On September 26, a vote will take place in which Swiss voters will decide whether the tax on the money received from the ownership of the company and investments will be increased.
The initiators of the change, a young socialist party, are proposing a tax rate of 150% on income earned from investments and company property.
According to the party’s assertions, the current progressive tax system is not good enough and, once introduced, the rich will pay more taxes and the rest less.
The details of the initiative are not fully understood, for example, what kind of income will be taxed, as well as the amount from which the tax increase begins.
The government has already spoken out on the plan: the federal council and parliament are advised to vote against it. Switzerland already has redistributive taxation and a wealth tax. In addition, the tax rate rises as income rises.
“Currently, the top 1% of earners pay 40% of Switzerland’s tax, a share far higher than the 10% of the revenue they earn.
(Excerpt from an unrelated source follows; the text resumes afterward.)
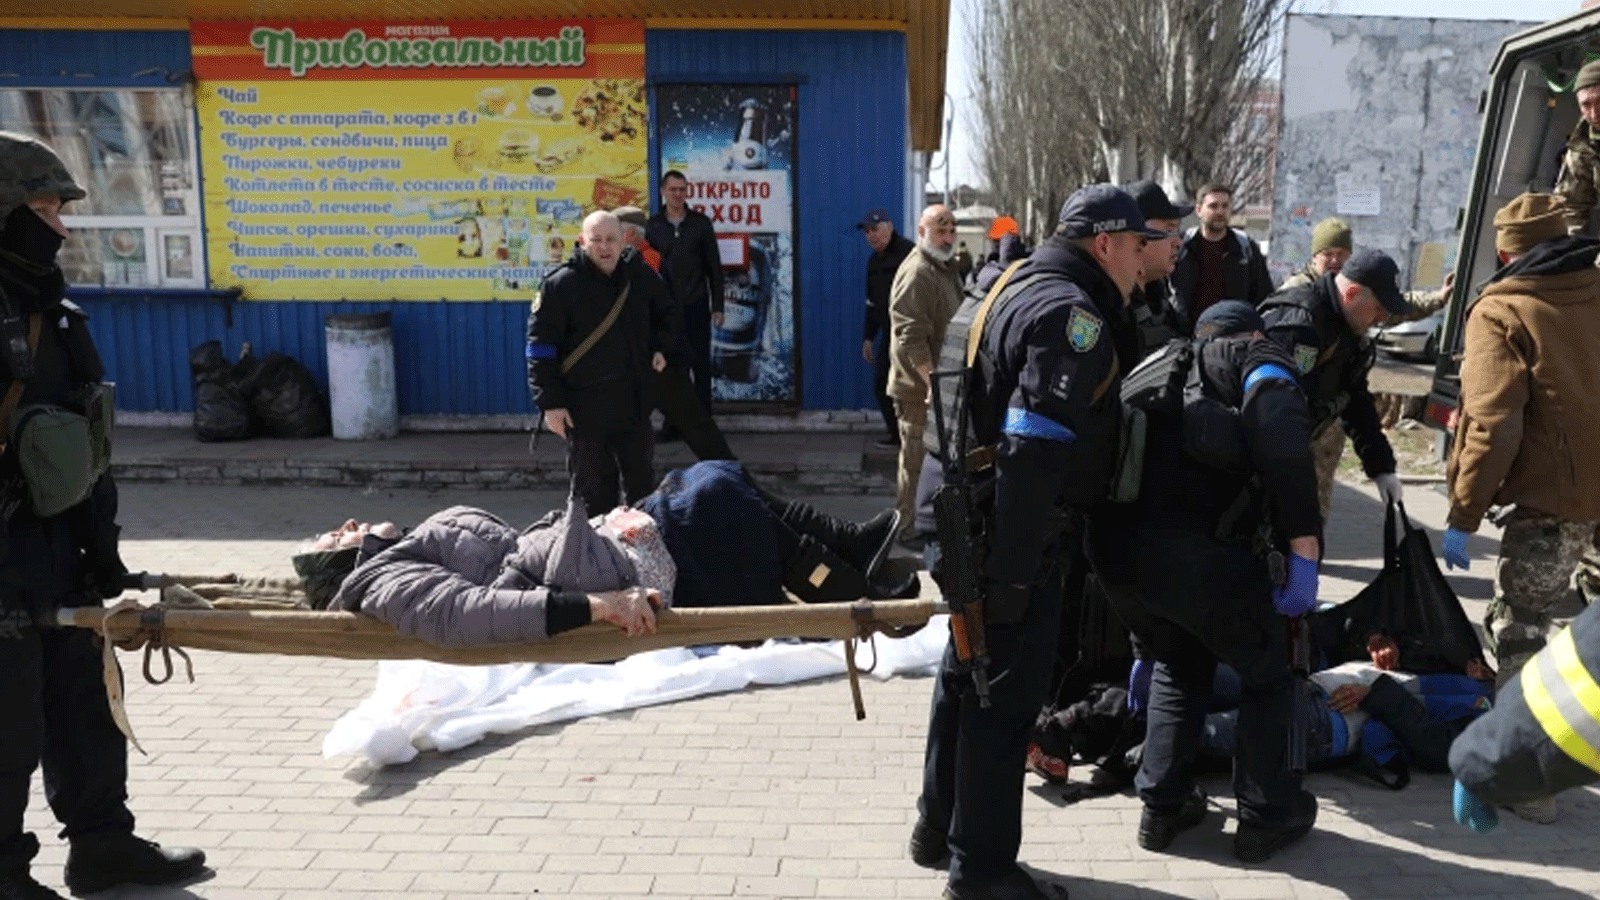 أفراد الطوارئ ينقلون الجرحى في أعقاب هجوم صاروخي على محطة السكة الحديد في مدينة كراماتورسك شرقي البلاد.

This means the average rate of tax paid by this group is already 6 times the rate paid by the other 99%.
In addition, Switzerland’s existing wealth tax and partial double taxation of dividends already make the country quite unattractive for entrepreneurs and wealthy residents, a group whose choice of residence is sensitive to tax rates. Because of the way unlisted companies are valued, Switzerland’s wealth tax can be a headwind for entrepreneurs. Shares in start-up companies paying founders subsistence salaries can lump founders with a significant wealth tax burden at a time when they’re struggling to ensure their companies survive and make ends meet” – write lenews.